Under the repurchase programs, purchases can be made from time to time using a variety of methods, which may include open
market purchases or purchases through a Rule 10b5-1 trading plan, all in accordance with Securities and Exchange Commission
and other applicable legal requirements. The specific timing, price and size of purchases will depend on prevailing stock prices,
general economic and market conditions, and other considerations. The repurchase programs do not obligate the Company to
acquire any particular amount of common stock and may be suspended or discontinued at any time at the Company’s discretion.

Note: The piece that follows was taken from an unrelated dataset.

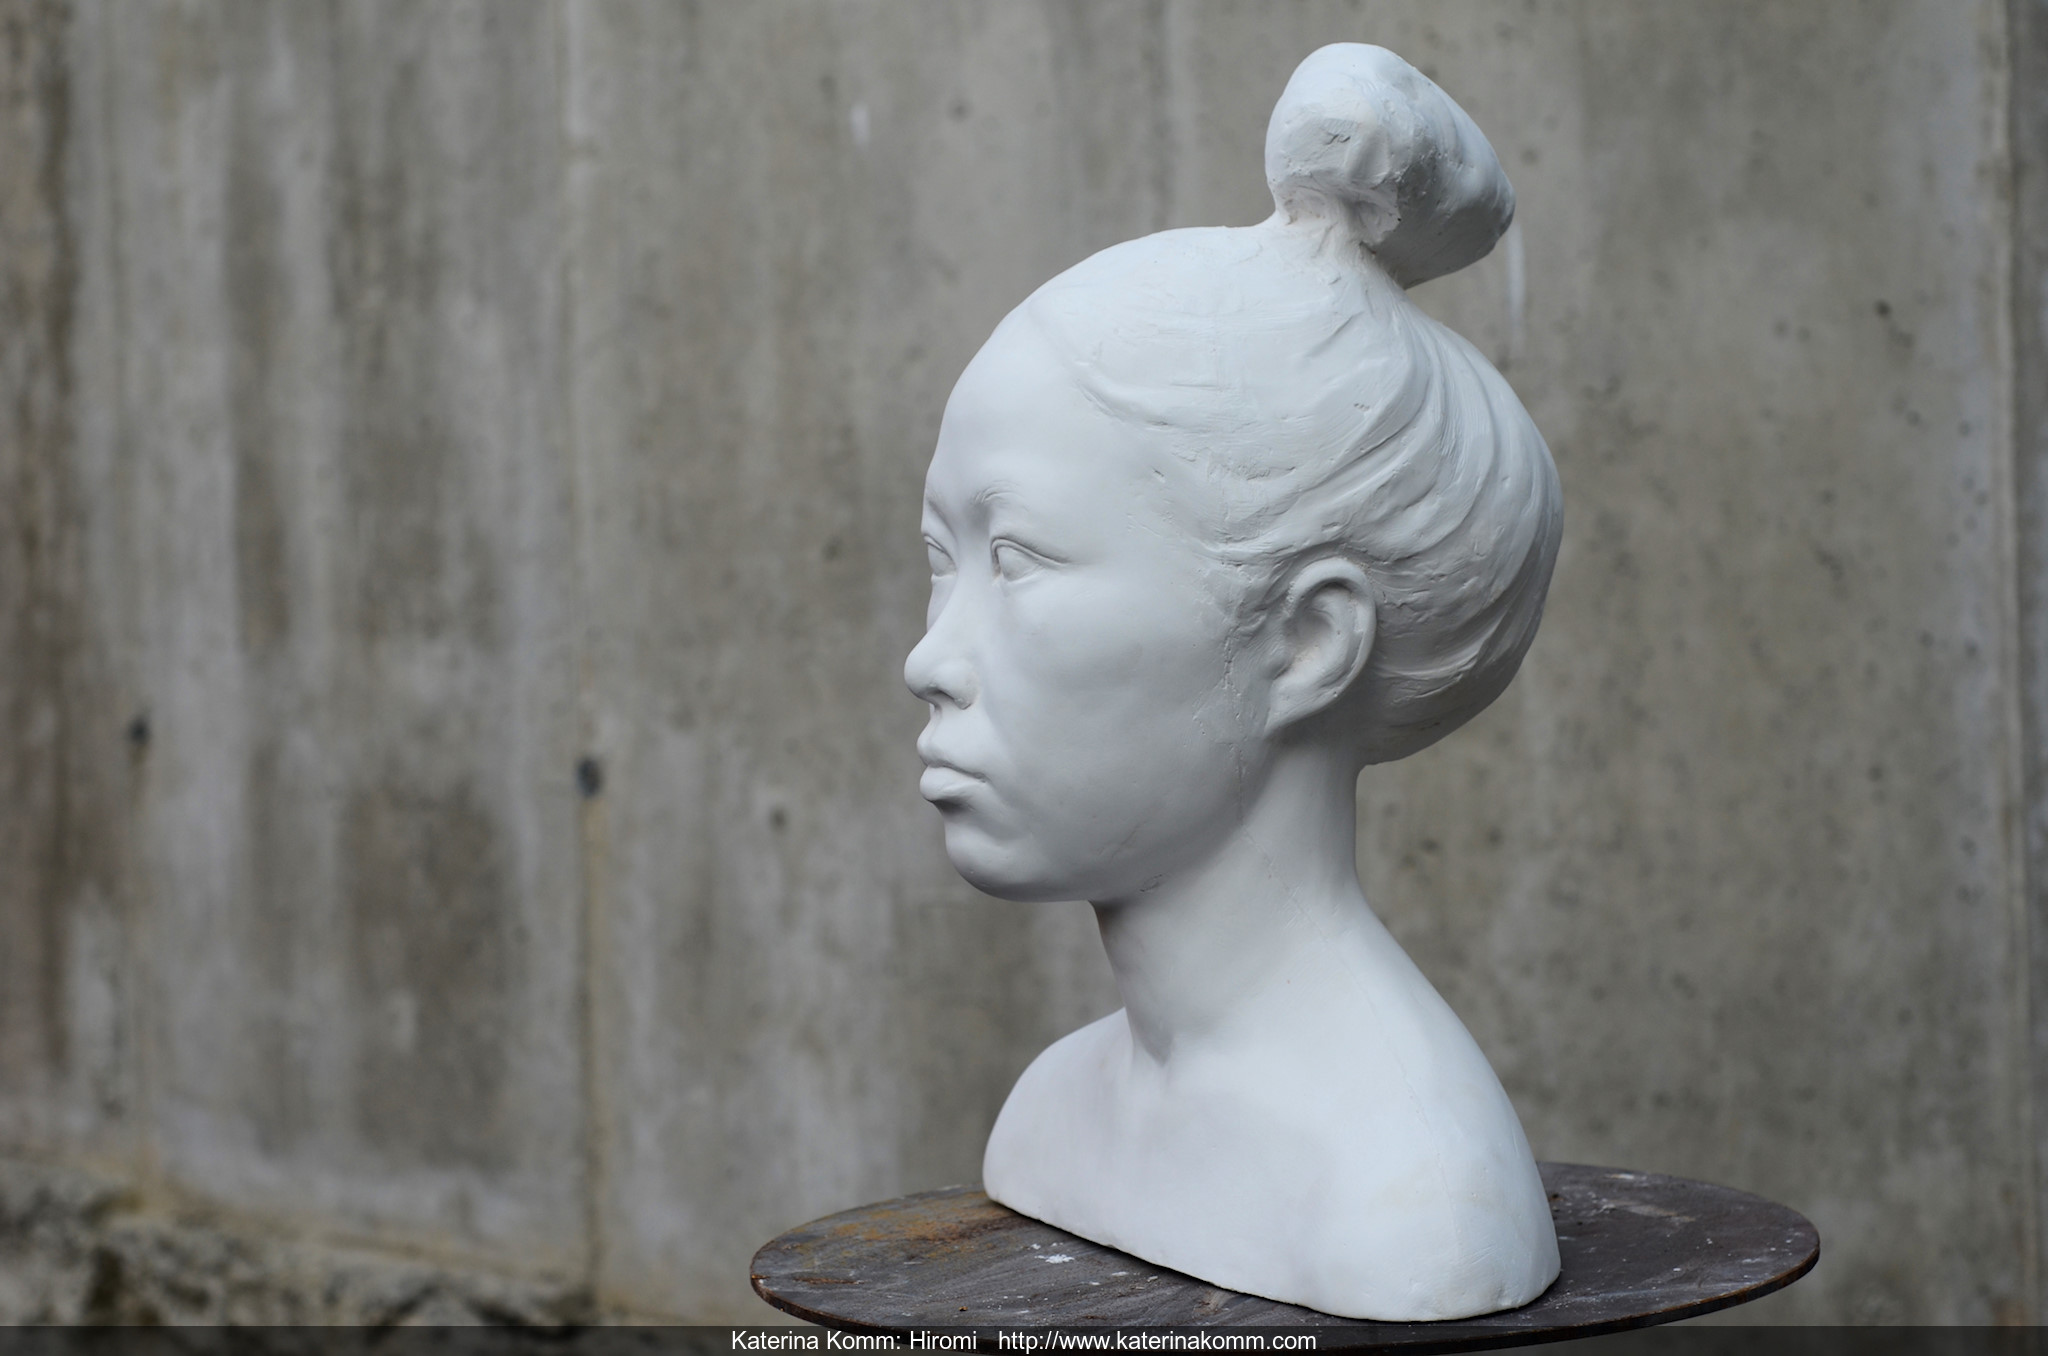 Katerina Komm, sculpture, WORKS: Hiromi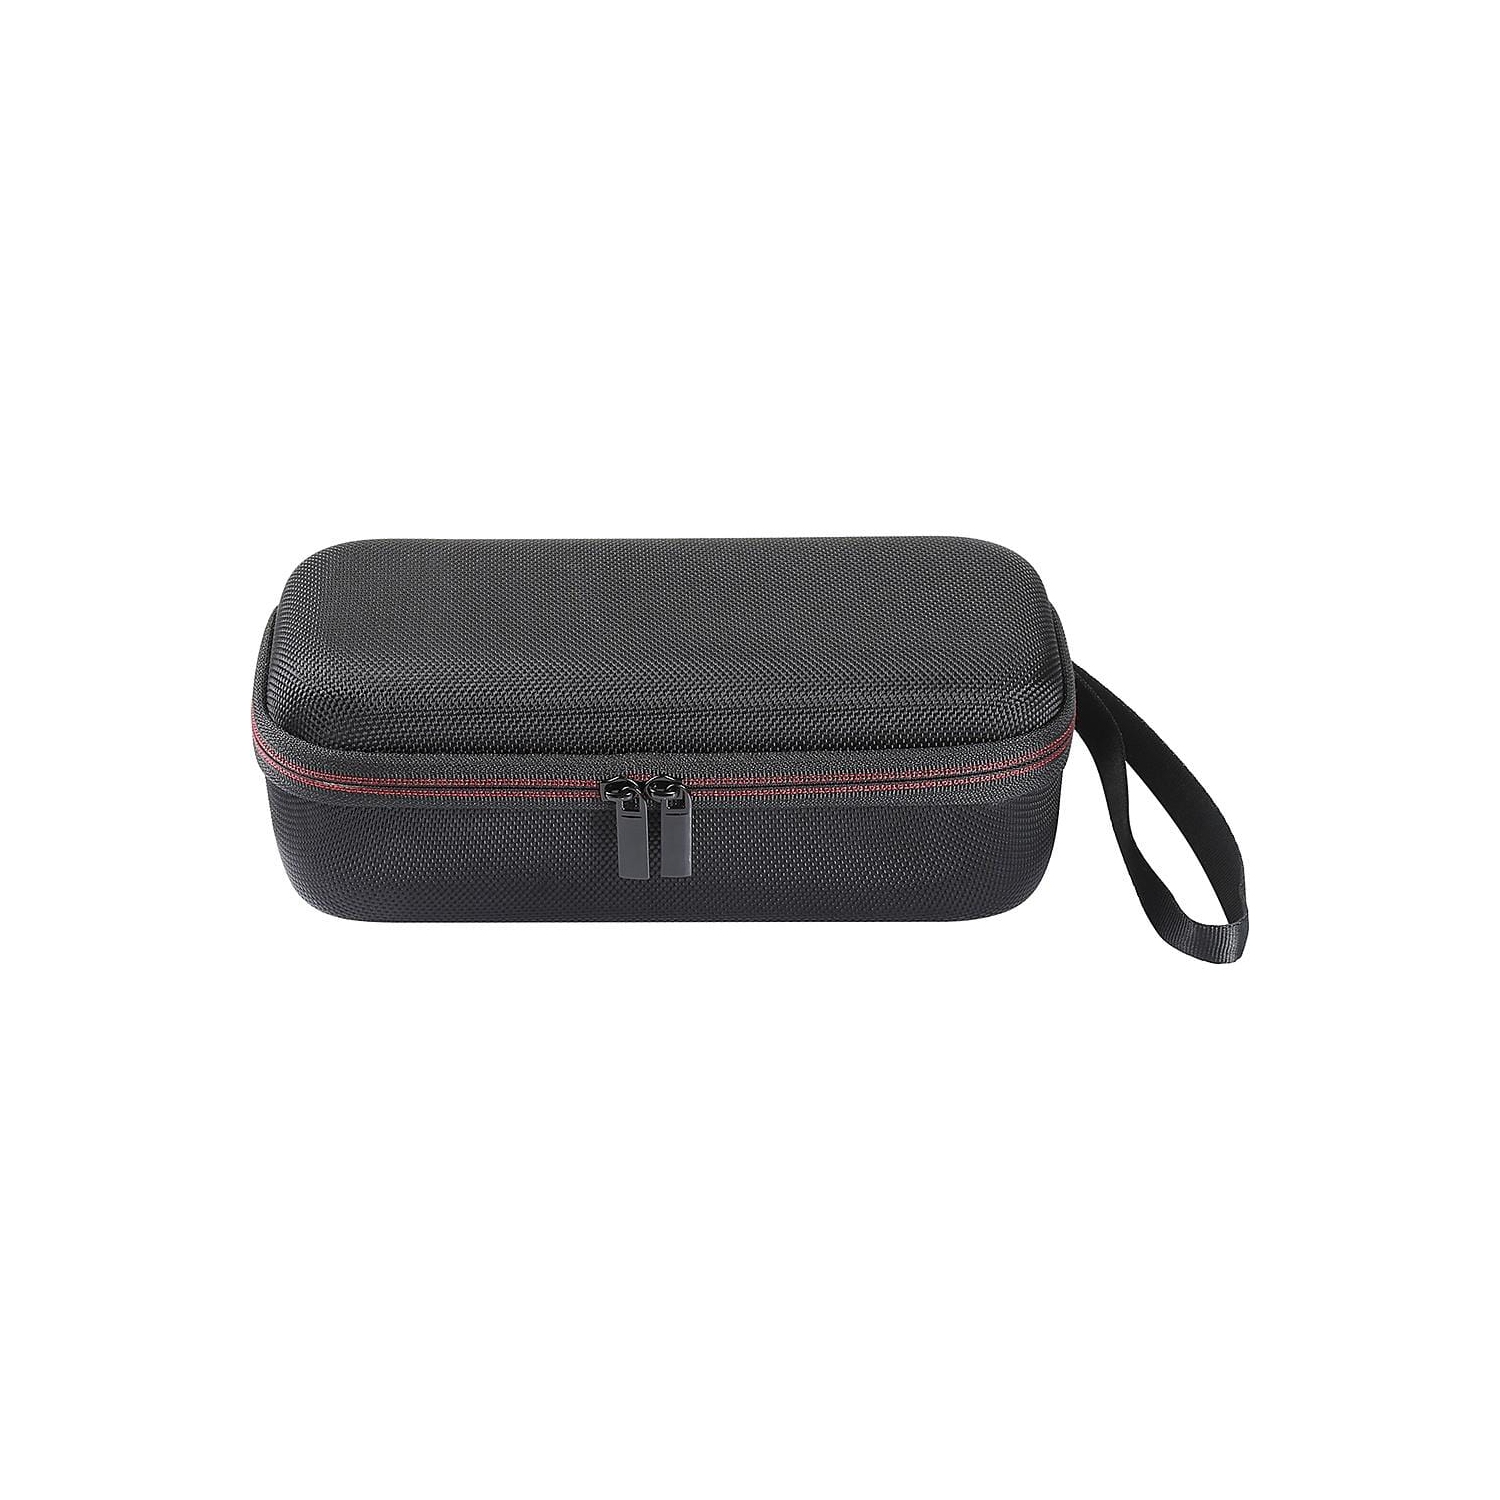 SaharaCase - Travel Carry Case for Bose SoundLink Flex Portable Bluetooth Speaker - Black

Redeemable Preferred Stock
On December 2, 2008, the Company issued 425,000 shares of Series A 8% Redeemable, Convertible Exchangeable Participating
Preferred Stock, $0.01 par value per share (“Series A Preferred Stock”) to affiliates of Leonard Green & Partners, L.P., for
approximately $413.1 million, net of approximately $11.9 million in closing and issuance costs. On October 23, 2009, the
Company announced its intent to call all 425,000 outstanding shares of the Series A Preferred Stock for redemption in accordance
with the terms governing such Series A Preferred Stock. Subject to conversion of the Series A Preferred Stock by its holders,
the Company planned to redeem such Series A Preferred Stock on November 27, 2009, at a price per share equal to $1,000 plus
accrued and unpaid dividends. In accordance with the terms governing the Series A Preferred Stock, at any time prior to the
redemption date, the Series A Preferred Stock could be converted to common stock by the holders thereof. On November 26,
2009, the holders of the Company’s Series A Preferred Stock converted all outstanding shares into approximately 29.7 million
shares of Company common stock. The shares of common stock were issued using a transaction exempt from registration
pursuant to Section 3(a)(9) of the Securities Act of 1933, as amended. During fiscal year 2010, the Company paid cash dividends
on the Series A Preferred Stock totaling $8.5 million.